▸ Data extract:
====
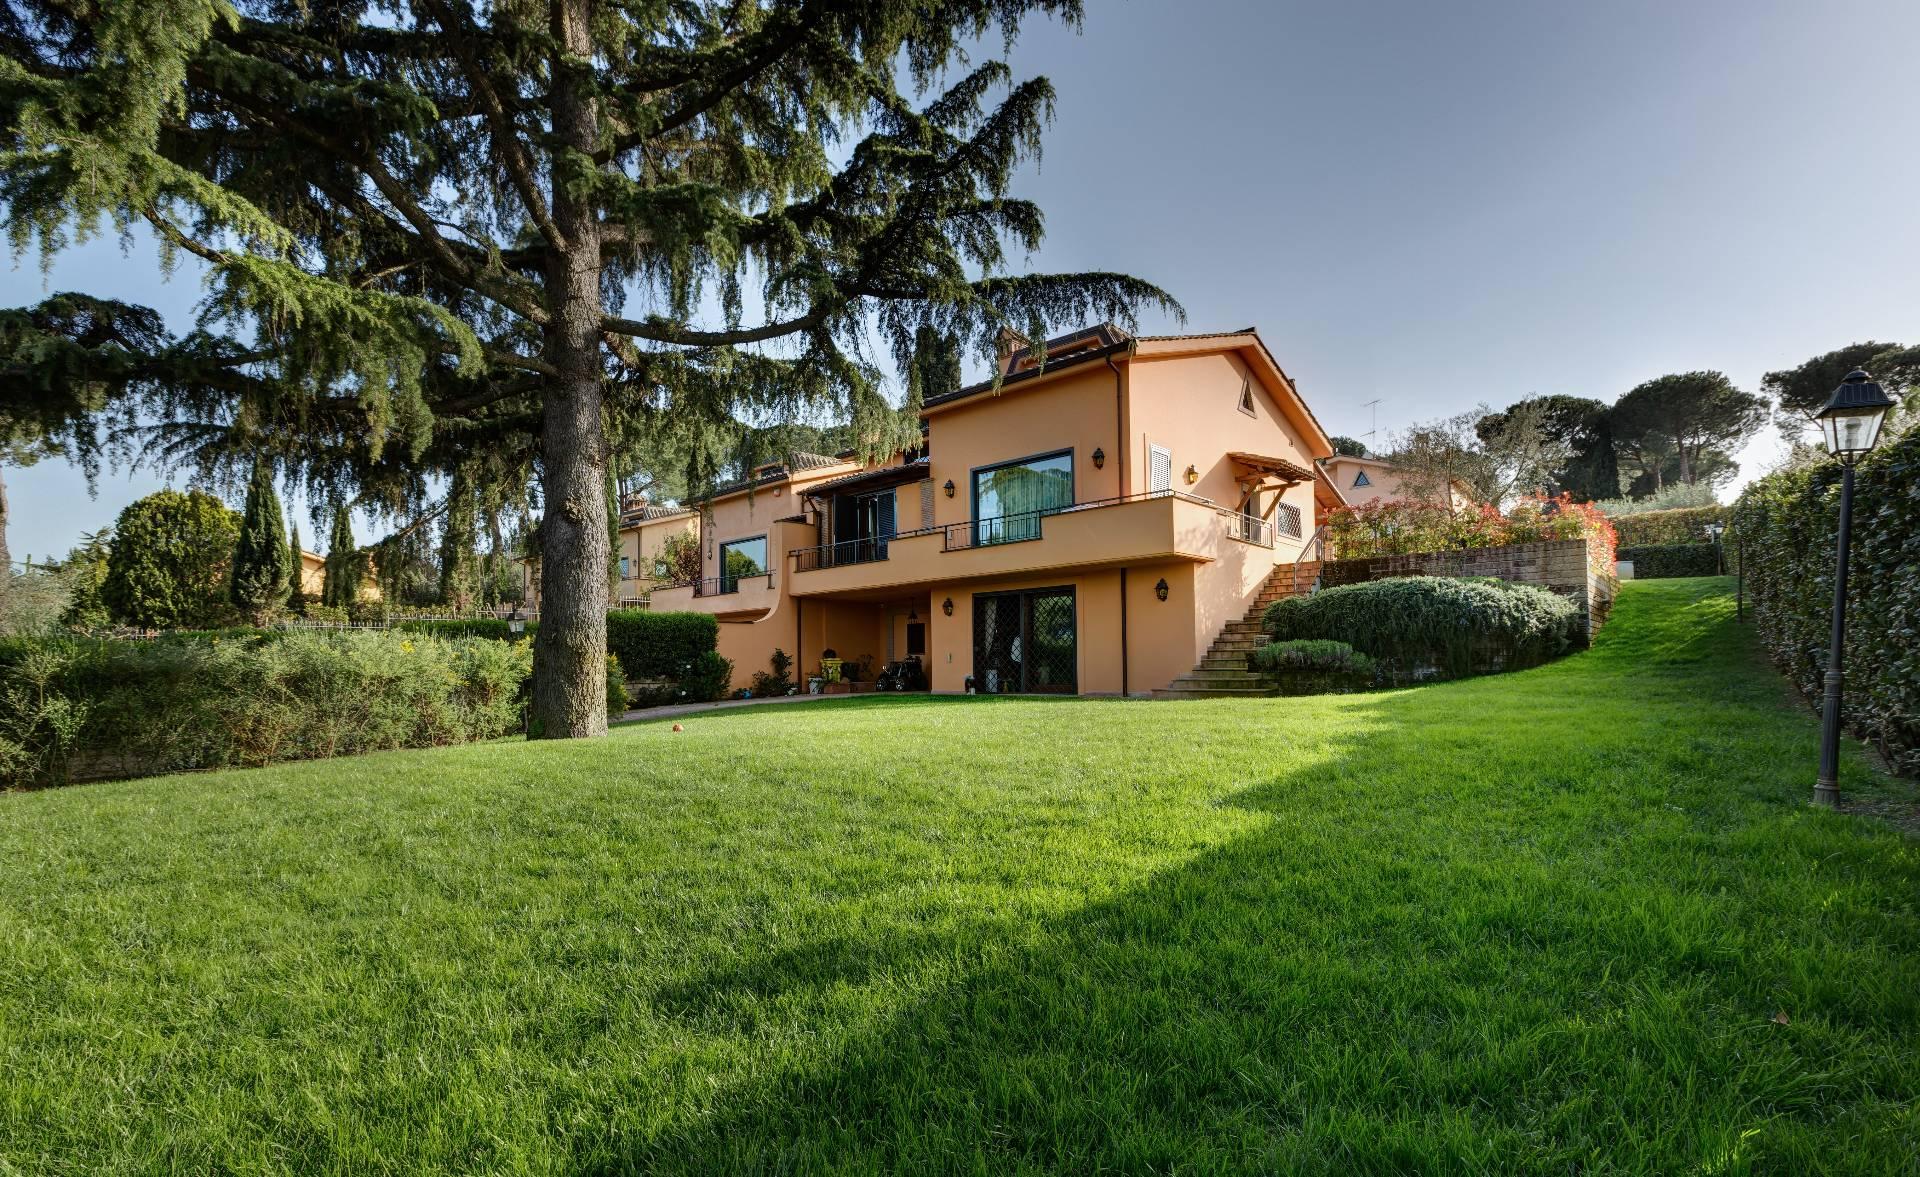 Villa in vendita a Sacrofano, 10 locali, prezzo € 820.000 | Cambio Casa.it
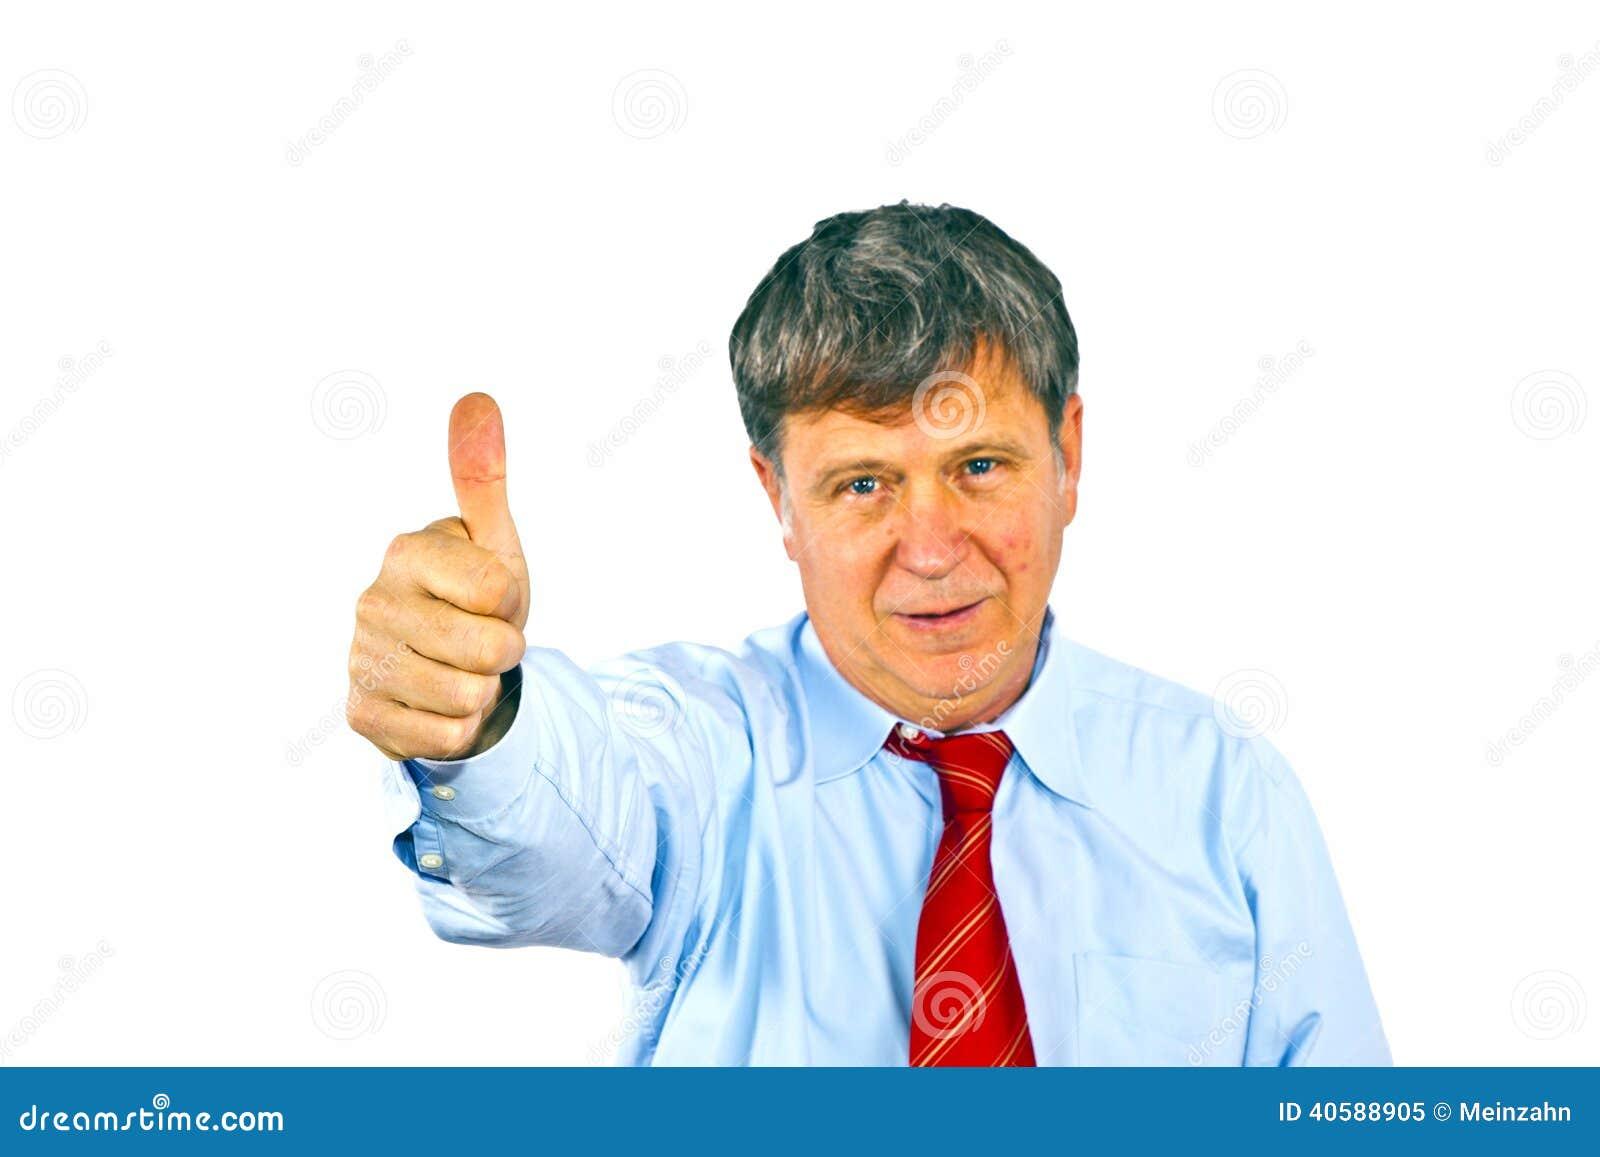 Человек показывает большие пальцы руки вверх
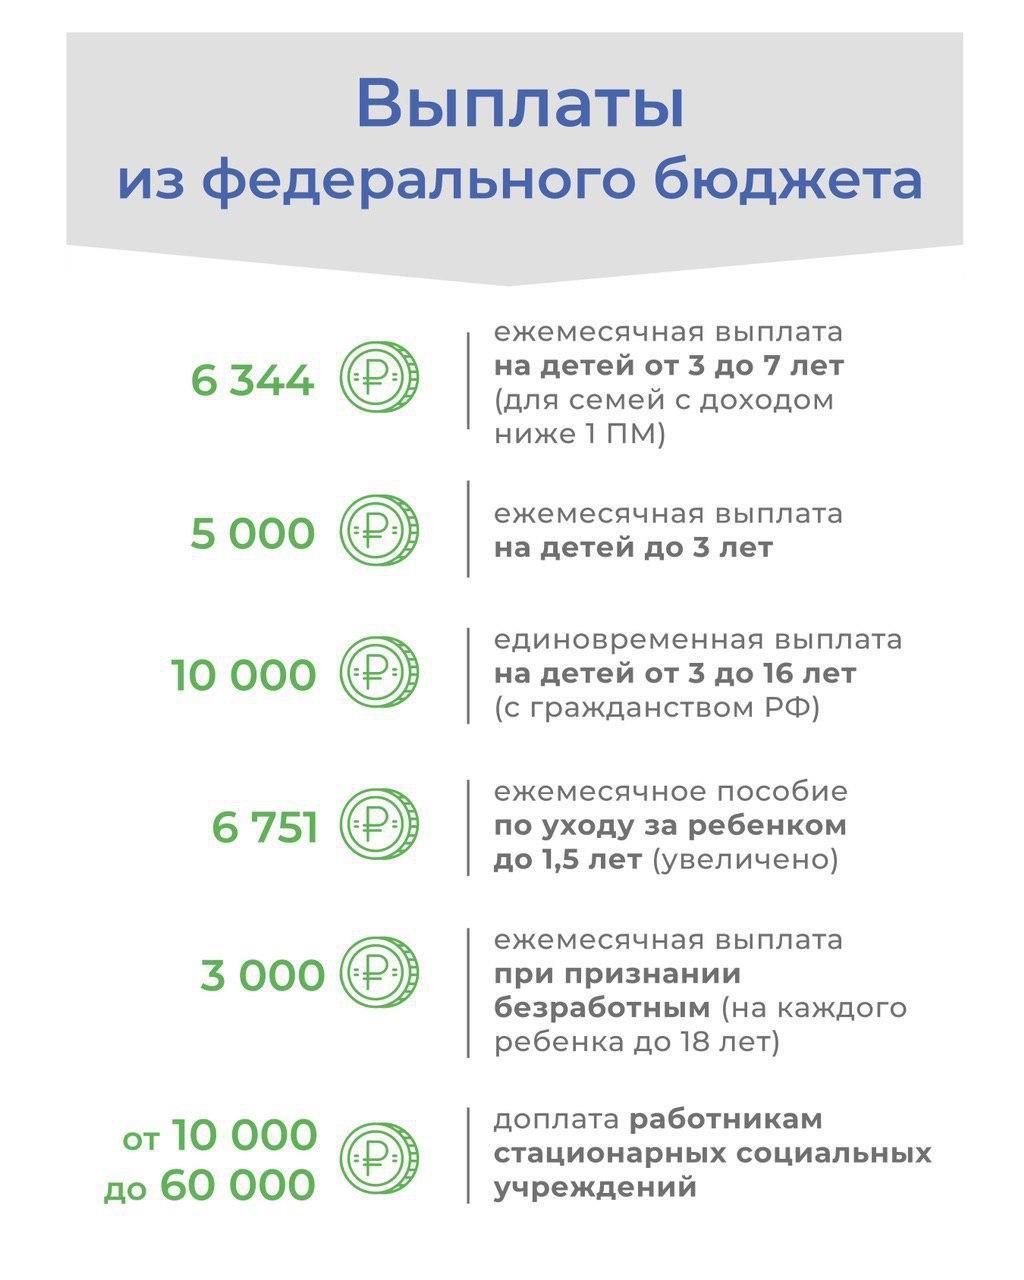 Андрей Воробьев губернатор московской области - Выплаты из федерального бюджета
====
▸ Prompt: Each line of the data above is to be output exactly; the pictures are not to appear.

▸ Reply to the exercise:
 Villa in vendita a Sacrofano, 10 locali, prezzo € 820.000 | Cambio Casa.it
 Человек показывает большие пальцы руки вверх
 Андрей Воробьев губернатор московской области - Выплаты из федерального бюджета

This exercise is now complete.